Output nothing except the lines from the one containing "Создание картинной галереи в PowerPoint" through the final line of the data, both included, typed exactly, minus the pictures.

Given information Start Marker

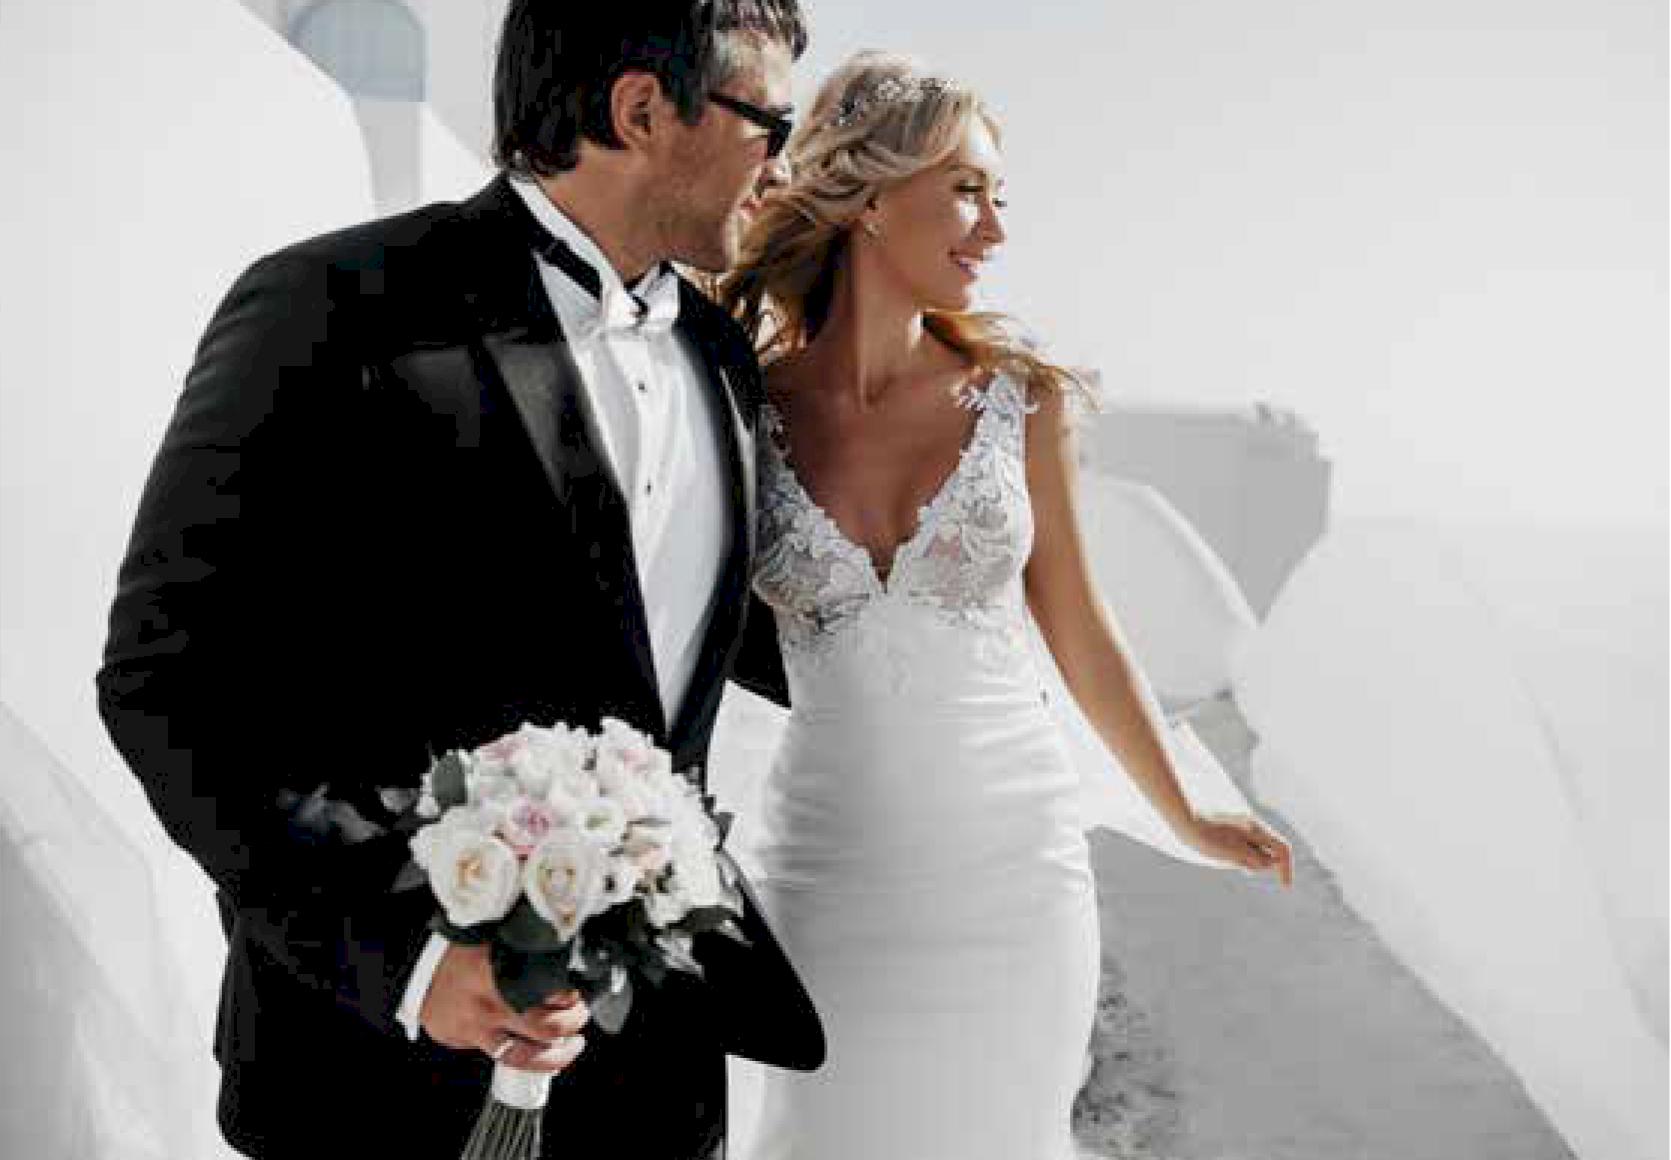 Main page: свадьба на санторини, свадебное агентство Julia Veselova - Фото 4
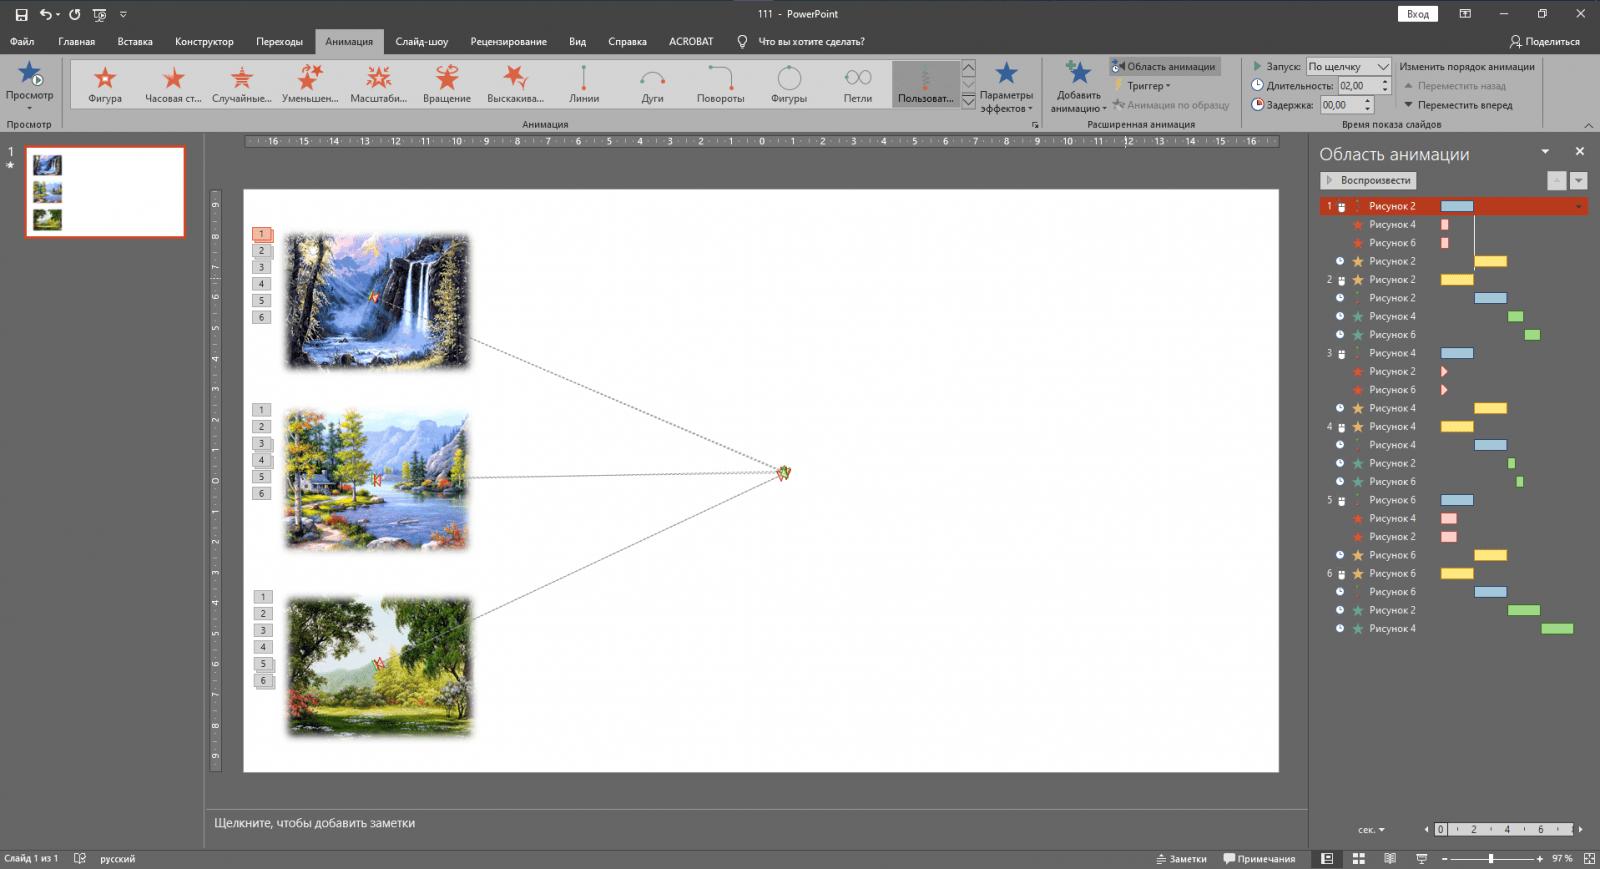 Создание картинной галереи в PowerPoint
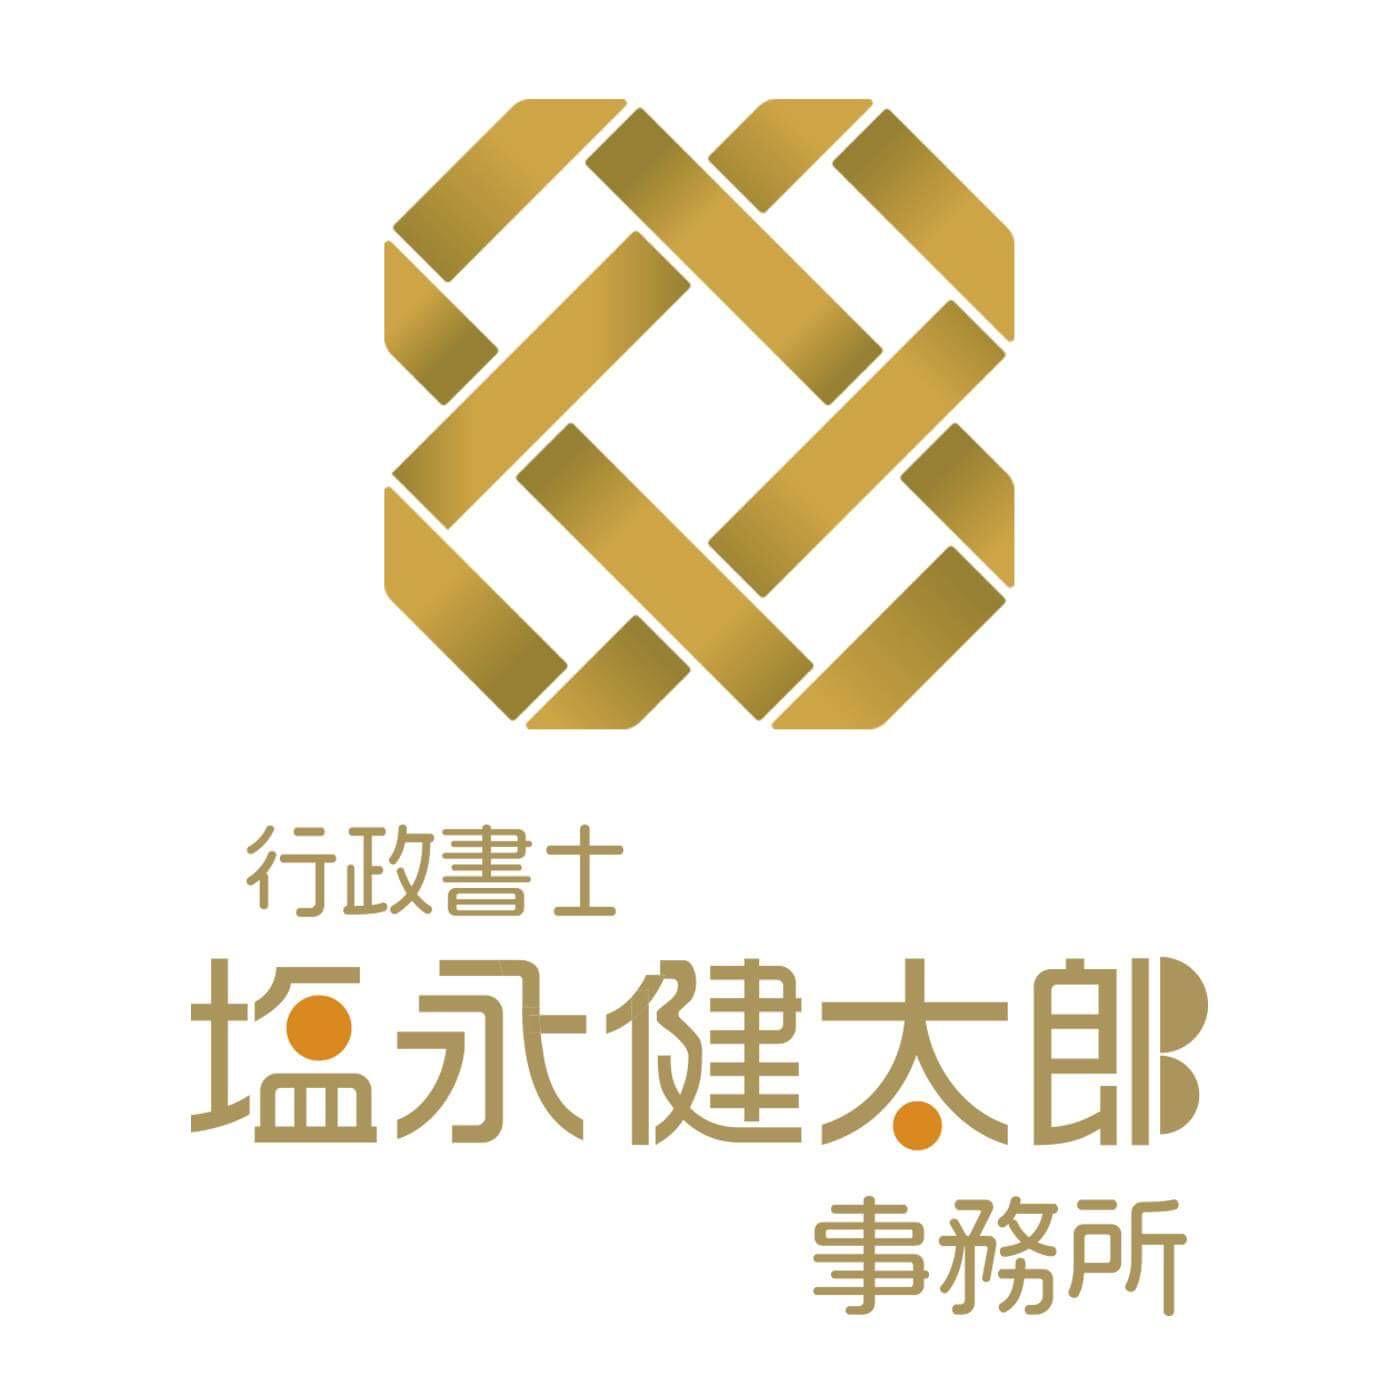 行政書士塩永健太郎事務所(熊本)
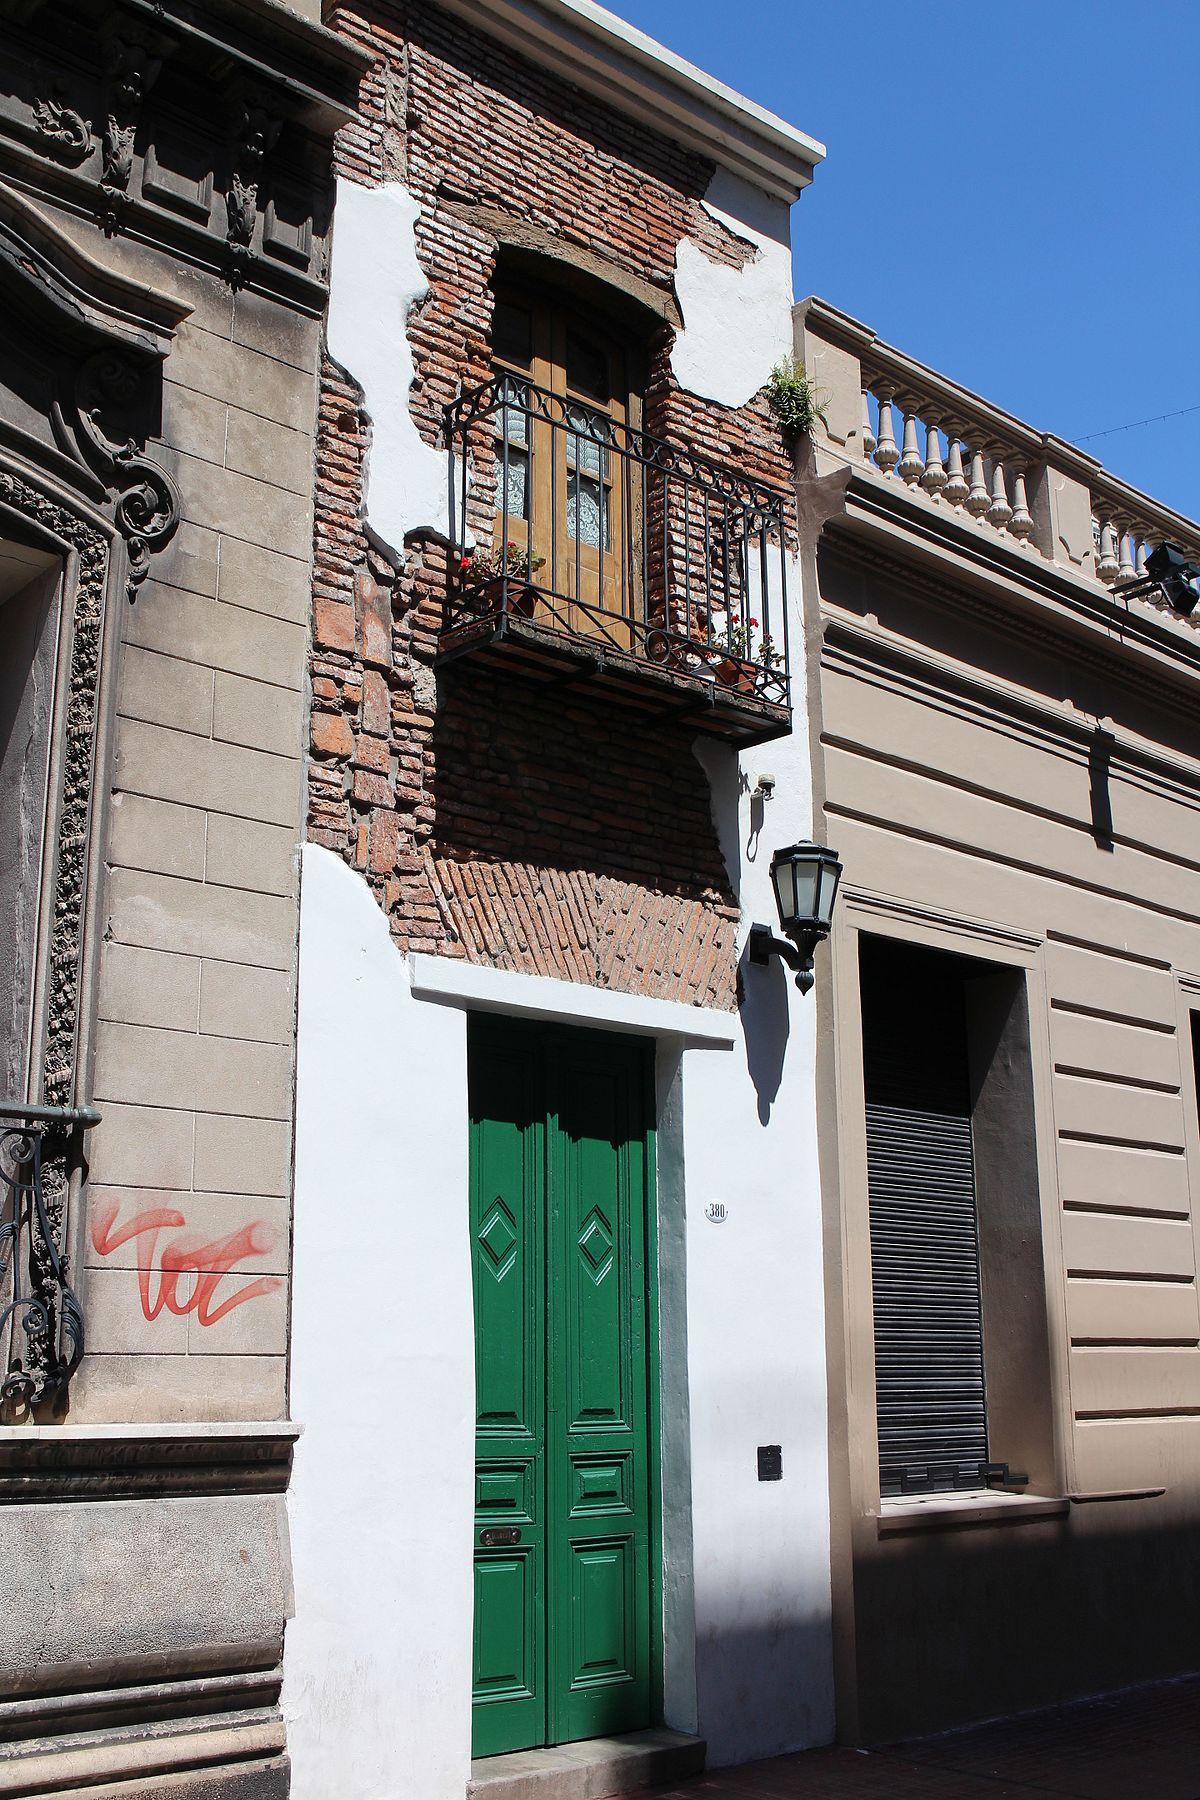 La casa m nima wikipedia la enciclopedia libre for Casa minima

Given information End Marker

_Solution for this exercise_:
 Создание картинной галереи в PowerPoint
 行政書士塩永健太郎事務所(熊本)
 La casa m nima wikipedia la enciclopedia libre for Casa minima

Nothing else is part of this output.